葬式は多分和式だろう。だから、こんなギリシャ神話みたいな女神が出てくるのは変だ。
おかしいだろ。
やっぱり夢だ。ていうことは、この意味不明な問答は、俺の脳内で繰り広げられてる茶番劇。
俺は生まれ変わりたい願望でも持ってたのか?
思い当たる節はあるな。
だって住所不特定無職になったばっかだし。
「世界には法則があります。それに反することは出来ません」
「俺を別の世界で生き返らせるのは、法則違反にならないんですか?」
「なりません」
なんというご都合主義。まぁ夢だからな。
「そっちのミスで死んだってことは、歩道橋の上で俺を突き飛ばしたのはあなたってことですか?」
「違います。ただあなたは、あの時あの場で死ぬ運命ではなかった、ということです」
運命ね。大嫌いな言葉だ。
うちの会社が潰れて路頭に迷ったのは運命のせいってか?
今まで頑張ってきたことは全部無意味で、運命ってやつのせいで俺の人生めちゃくちゃになったってか?
「まぁ分かりました。どうでもいいです。戻れないなら"無"でいいです」
俺が切り上げないと、この下らない問答が続きそうだ。
「それは出来ません」
「いや、別の世界だかなんだか知りませんけど、どんな場所かも分からない、言葉も通じない、文化も違う世界に放り込まれても困りますって」
「あなたの元いた世界に近い環境と文明で、言葉も分かるようになります」
ご都合よすぎてバカっぽい話になってきた。
こんな夢を見る自分の知能を疑ってしまいそうだ。
俺はもう目覚めたいんだよ。
目覚めた後にまた、ひどい日常に戻るとしても、培ってきたものがあるんだ。
ちょっと休憩したら、また立ち上がるつもりだったんだよ。
多分この夢は、俺の弱さが見せてるものだ。
新しい世界でやり直すだ?
人生はリセットできないって知ってるから、俺は必死にやってきたんだよ。
「どうか恐れないで。

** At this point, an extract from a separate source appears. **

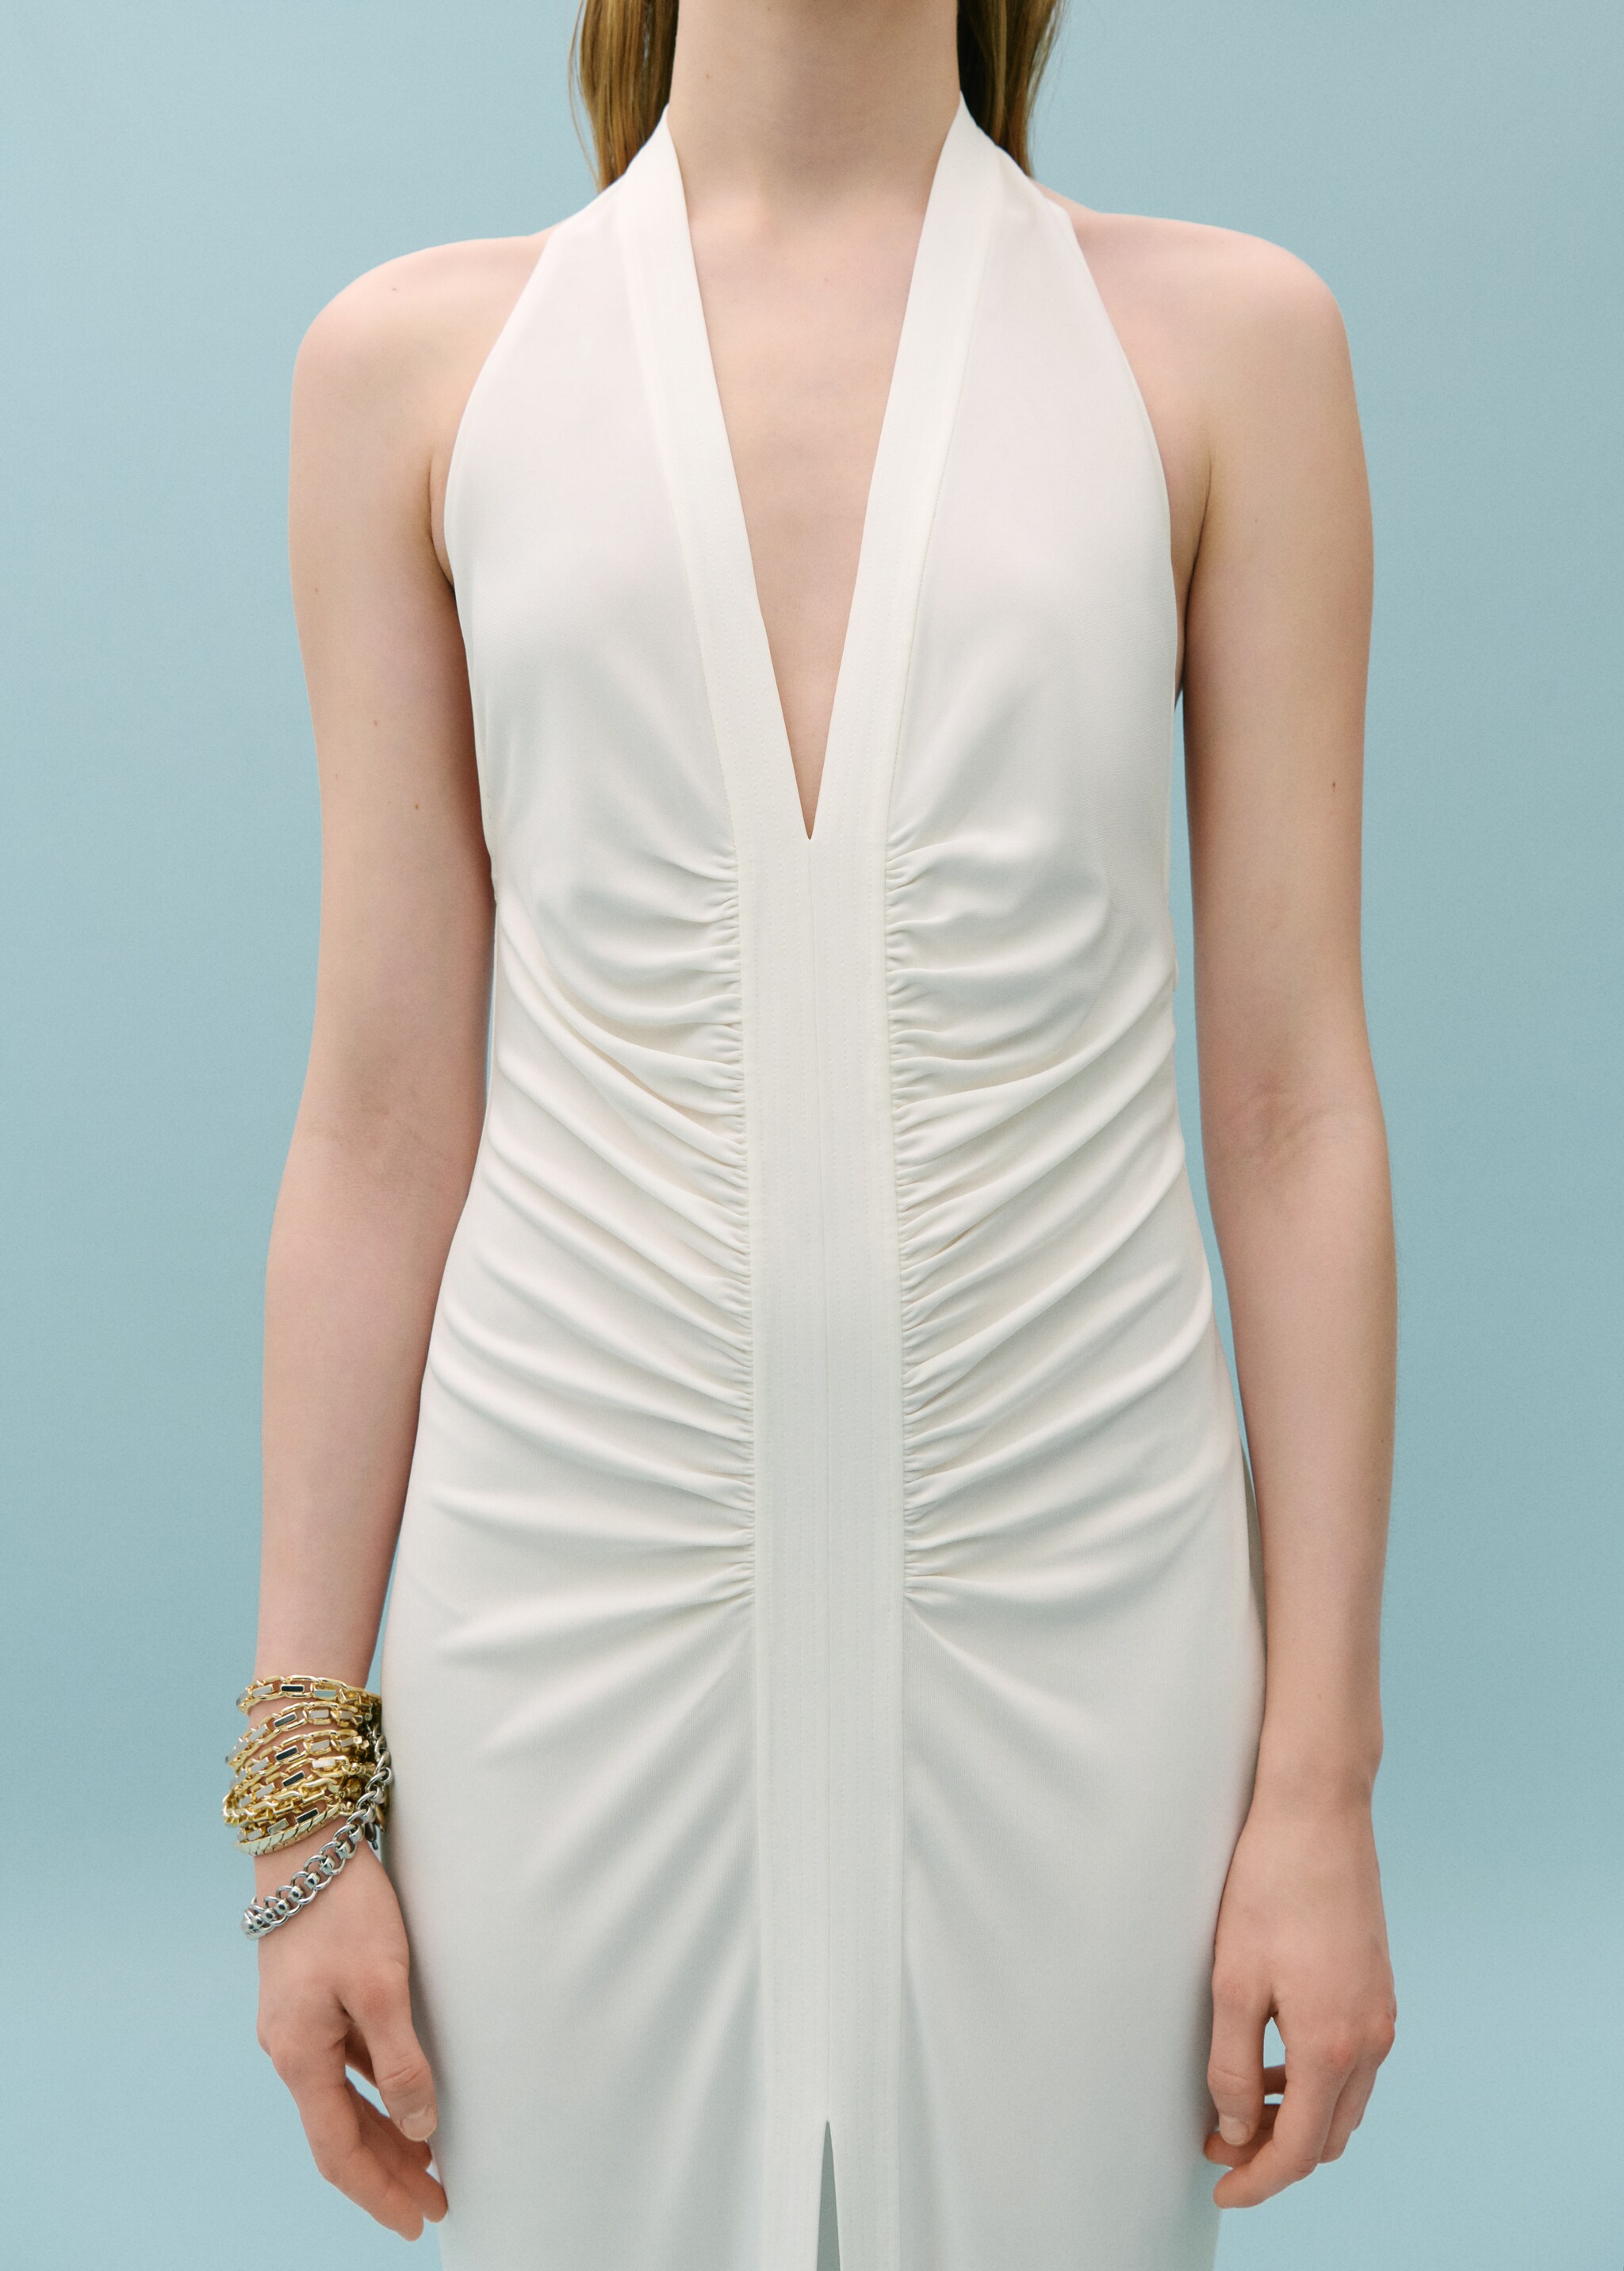 Draped halter dress with opening - Details of the article 6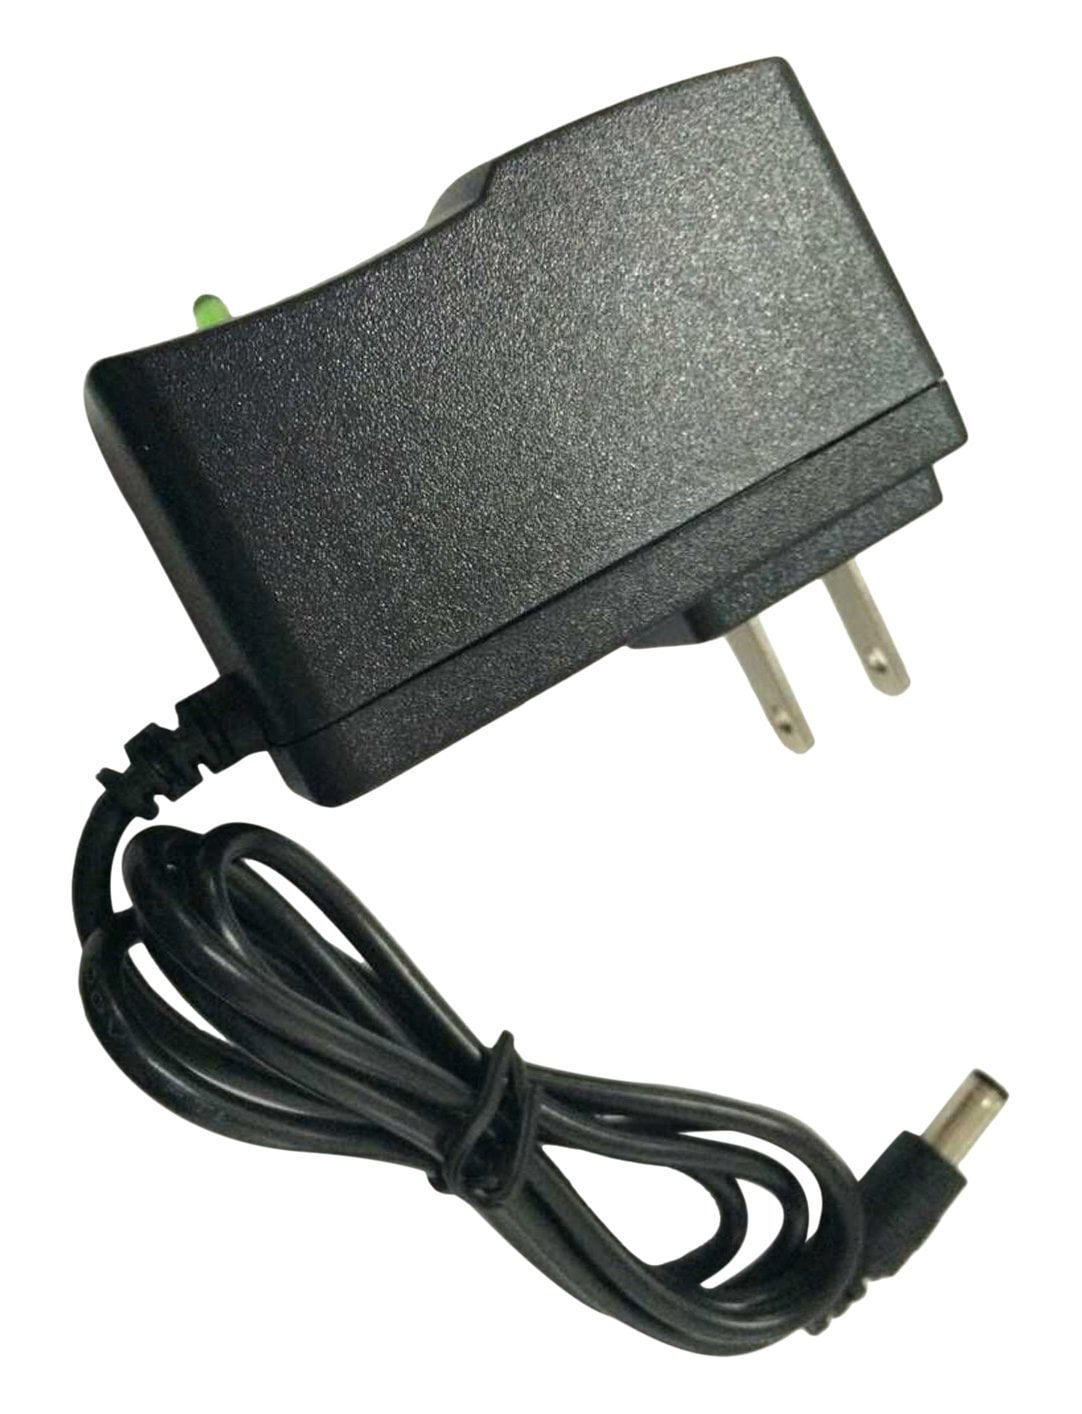 Omnihil 6V 2A 2000mA AC DC Adapter Regulated Power Supply Extra 8 Feet Cord 3.5 millimeters x 1.35 millimeters Plug Size

あなたのその意思の強さと運命に抗う力は、そのまま無に帰すにはあまりに惜しい才です。新たな世界で再び生を歩むのです」
穏やかに微笑む女神が、静かに手を広げる。
まさに慈愛の笑みだ。
「これから行く世界で、あなたは幼い体に生まれ変わります。ですが大丈夫です。あなたの周囲には、あなたを愛し守る存在が、必ずいます」
ぐらりと体のバランスが崩れる。
「うおっ。幼い体って!?ていうか落ちっ…」
立ってるわけじゃないから、体勢を持ち直すことが出来ない。
「ここは神域。人間であるあなたは、長く留まれません」
「留まれないってっ…ちょっ…!」
「肉体の育成に伴って、魔法を自由に使えるようになるはずです」
「いや、だから今ー!俺ー落ちてんですけどぉ!」
上下左右も分からない空間だったけど、自分が落ち始めて"下"が分かった。
どんどん落ちるスピードが上がってるみたいだ。
女神サマがかなり上に見える。
「おーちーるうぅぅぅ」
「新しい世界で、自由に過ごして下さい。どうぞ二度目の人生を幸せに…」
女神サマの言葉の最後らへんは、やっと聞き取れるくらい遠のいてた。
そして俺はそのまま落ち続けた。